EXERCISE
With the pictures removed, write out the full listing below exactly.

SUPPLIED DATA
******************************

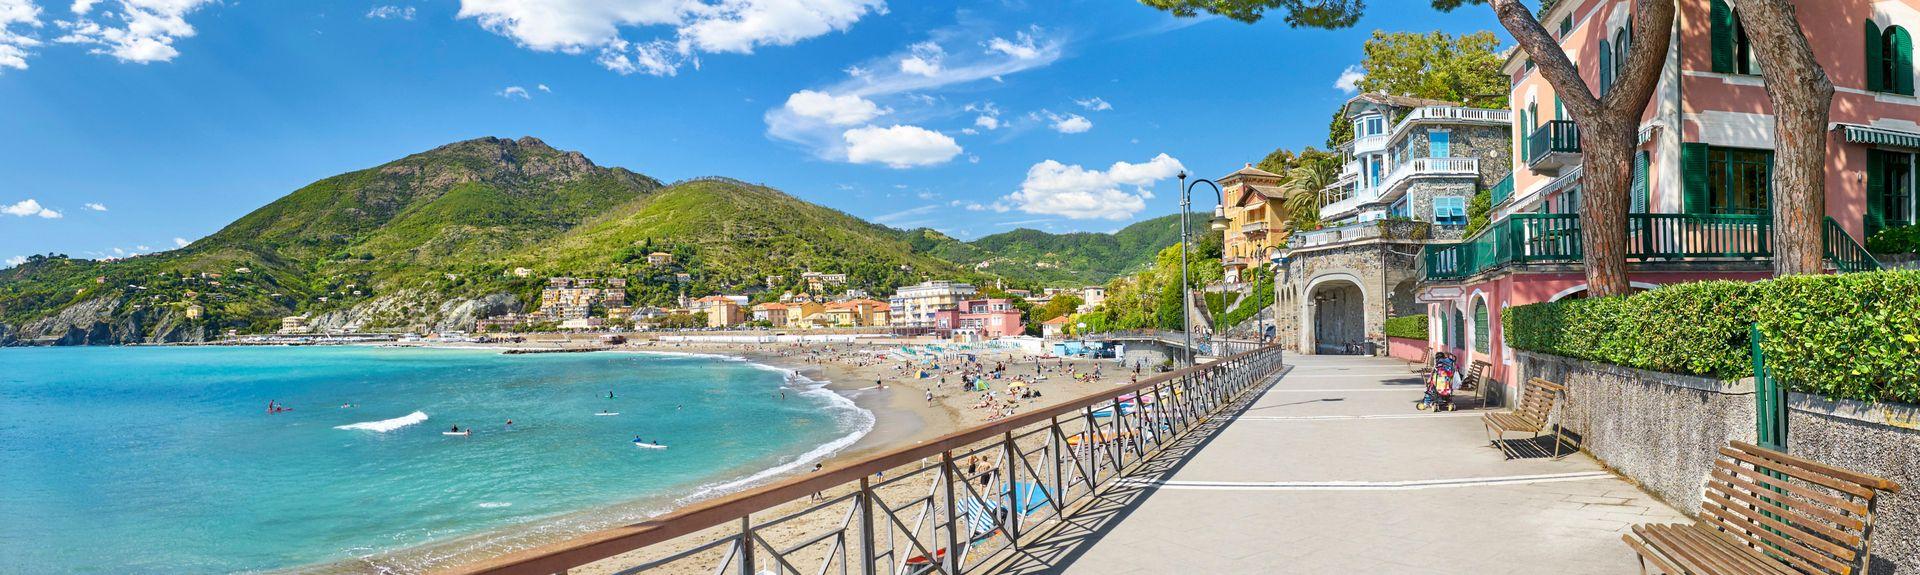 Levanto, Liguria, Italy
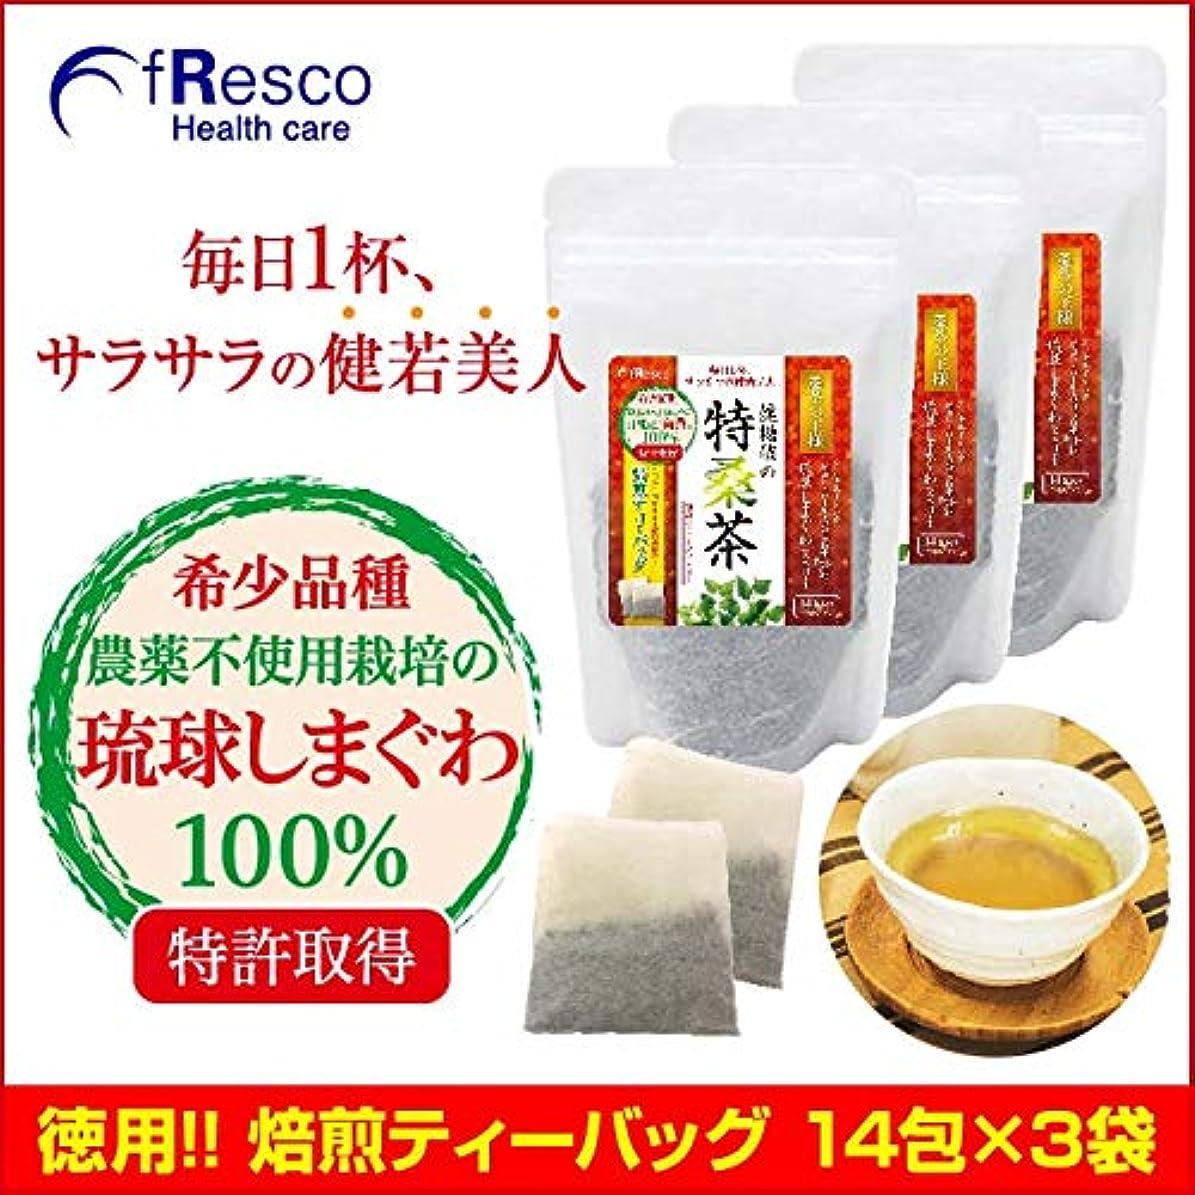 求人確かに溶けた桑茶の王様 琉球しまぐわ 健糖値の特桑茶 焙煎ティーバック 90日分(3個セット)
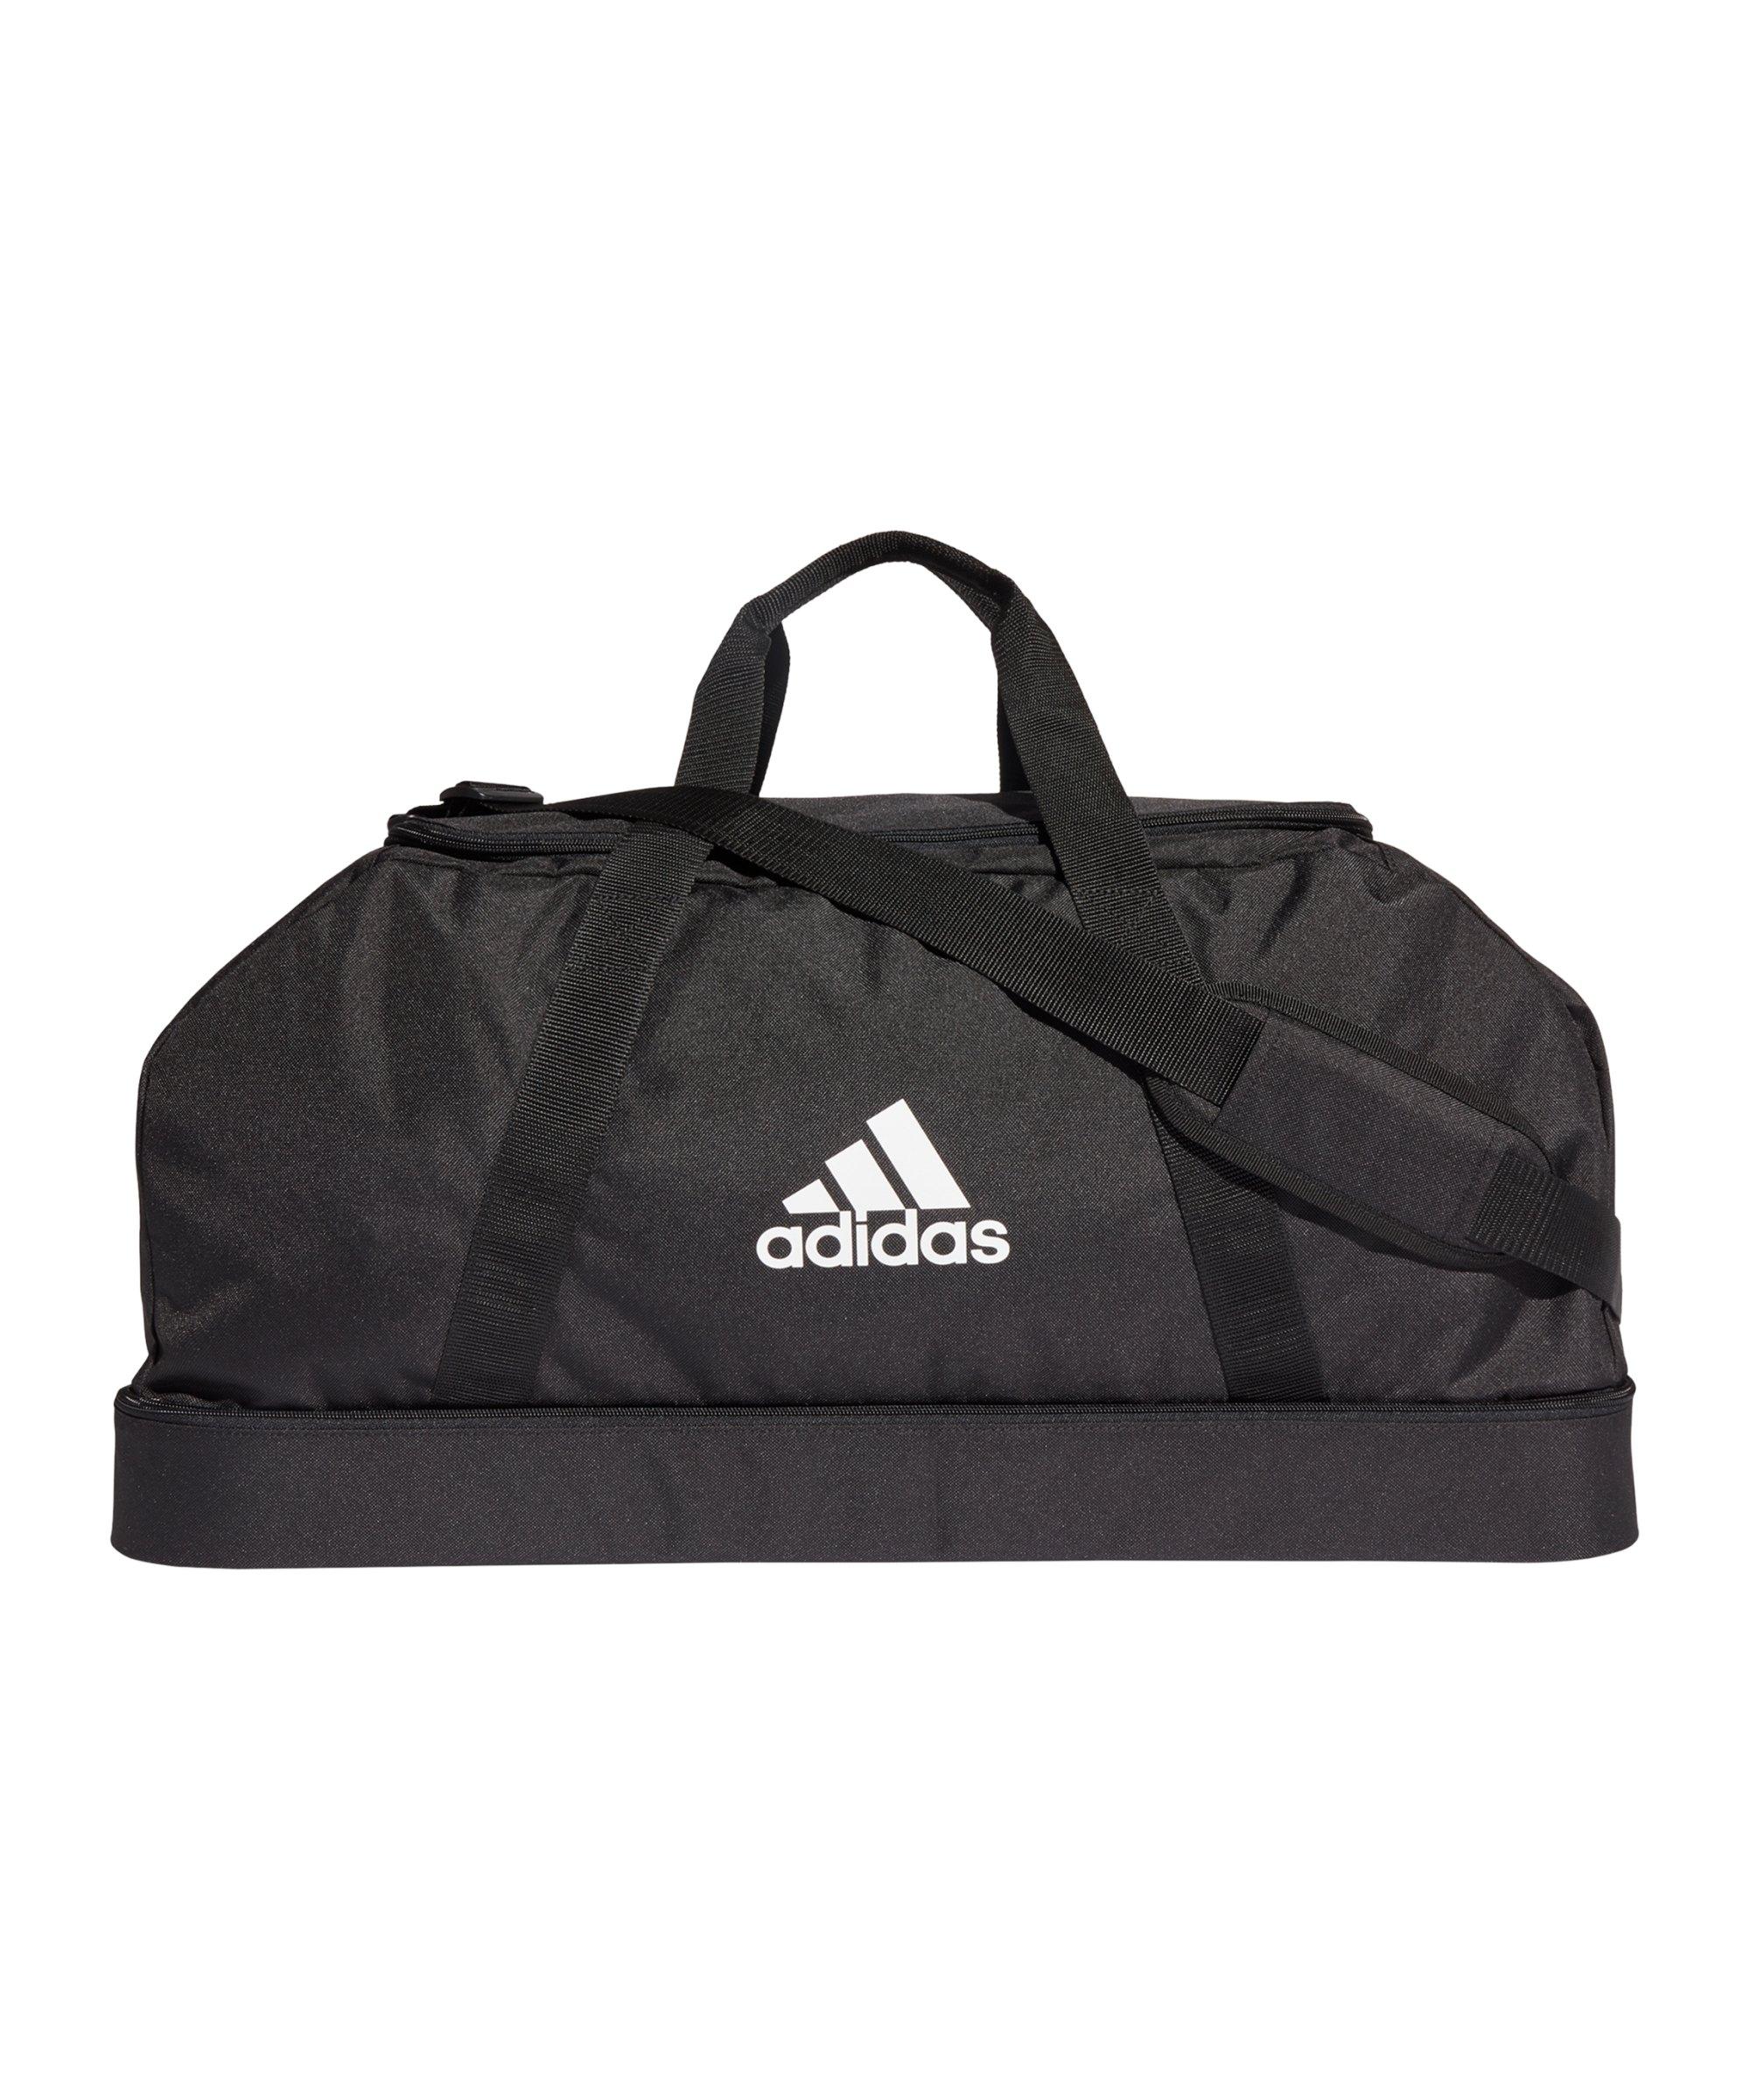 adidas Tiro Duffle Bag Gr. L mit Bodenfach Schwarz - schwarz

******************************

PROBLEM SOLUTION
 Levanto, Liguria, Italy
 求人確かに溶けた桑茶の王様 琉球しまぐわ 健糖値の特桑茶 焙煎ティーバック 90日分(3個セット)
 adidas Tiro Duffle Bag Gr. L mit Bodenfach Schwarz - schwarz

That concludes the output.